И добрейший человек хохочет от всего сердца над моей наивностью.
В общем, вот, что говорит он о моей картине: она очень хороша. Некоторые места безусловно хороши, настолько, что я может быть никогда не сделаю ничего лучшего. (Я привожу его собственные слова). Мальчуган справа и потом другой на первом плане, повернувшийся спиной, — безусловно хороши. Но фон должен быть сделан несколько светлее, особенно справа; от этого должны очень сильно выиграть самые фигуры, к которым я не должна больше прикасаться… Это работа на два часа.
Я должна была бы быть без ума от радости; но ничего подобного я не ощущаю, потому что я ведь не разделяю мнения моего превосходного учителя. Я могу сделать лучше.
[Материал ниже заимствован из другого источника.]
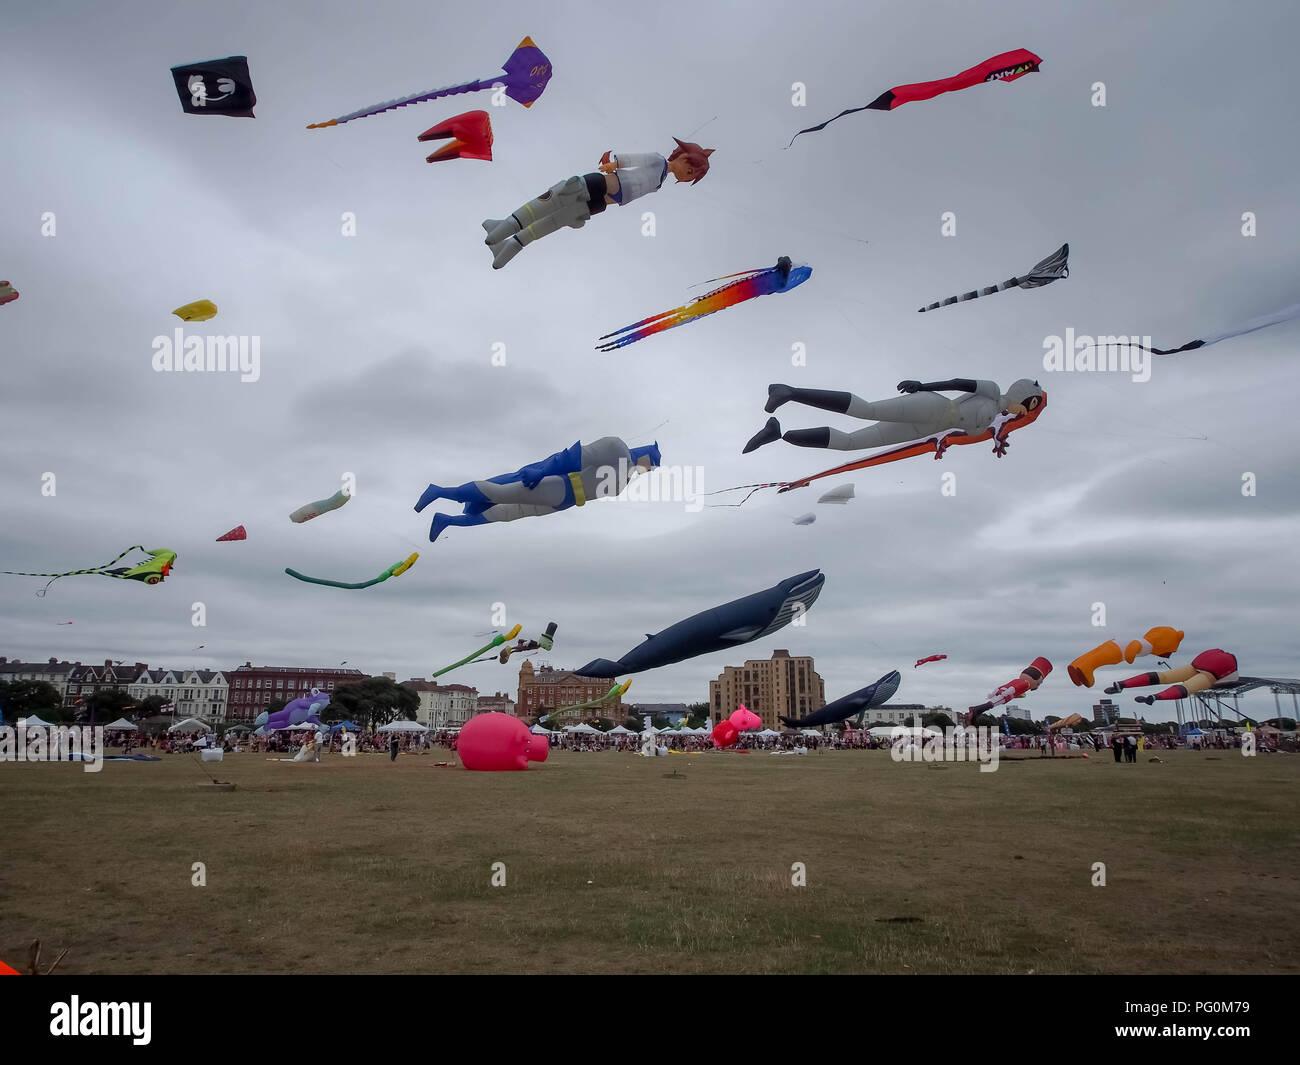 Kites flying at Portsmouth international kite festival Stock Photo

Итак, то, что я сделала, нехорошо? Недостаточно… я вижу лучше, я должна была бы сделать, как вижу.
Что-то скажет публика? Такая ли это вещь, чтобы быть замеченной? Как знать! Он находит, что хорошо. Но все эти хорошо — относительны, а такого относительного хорошо — я не желаю. Для другого это может быть и хорошо; но для меня — не для всех?.. Сильно ли это? Он находит, что маленький человечек, повернувшийся спиной, превосходно нарисован: так и чувствуешь его ножонки сквозь панталоны, говорит он. Уж не воображает ли он, что это благодаря анатомии.
Я просто списала то, что видела, ни о чем не думая. Впрочем мне кажется, что талант вообще бессознателен.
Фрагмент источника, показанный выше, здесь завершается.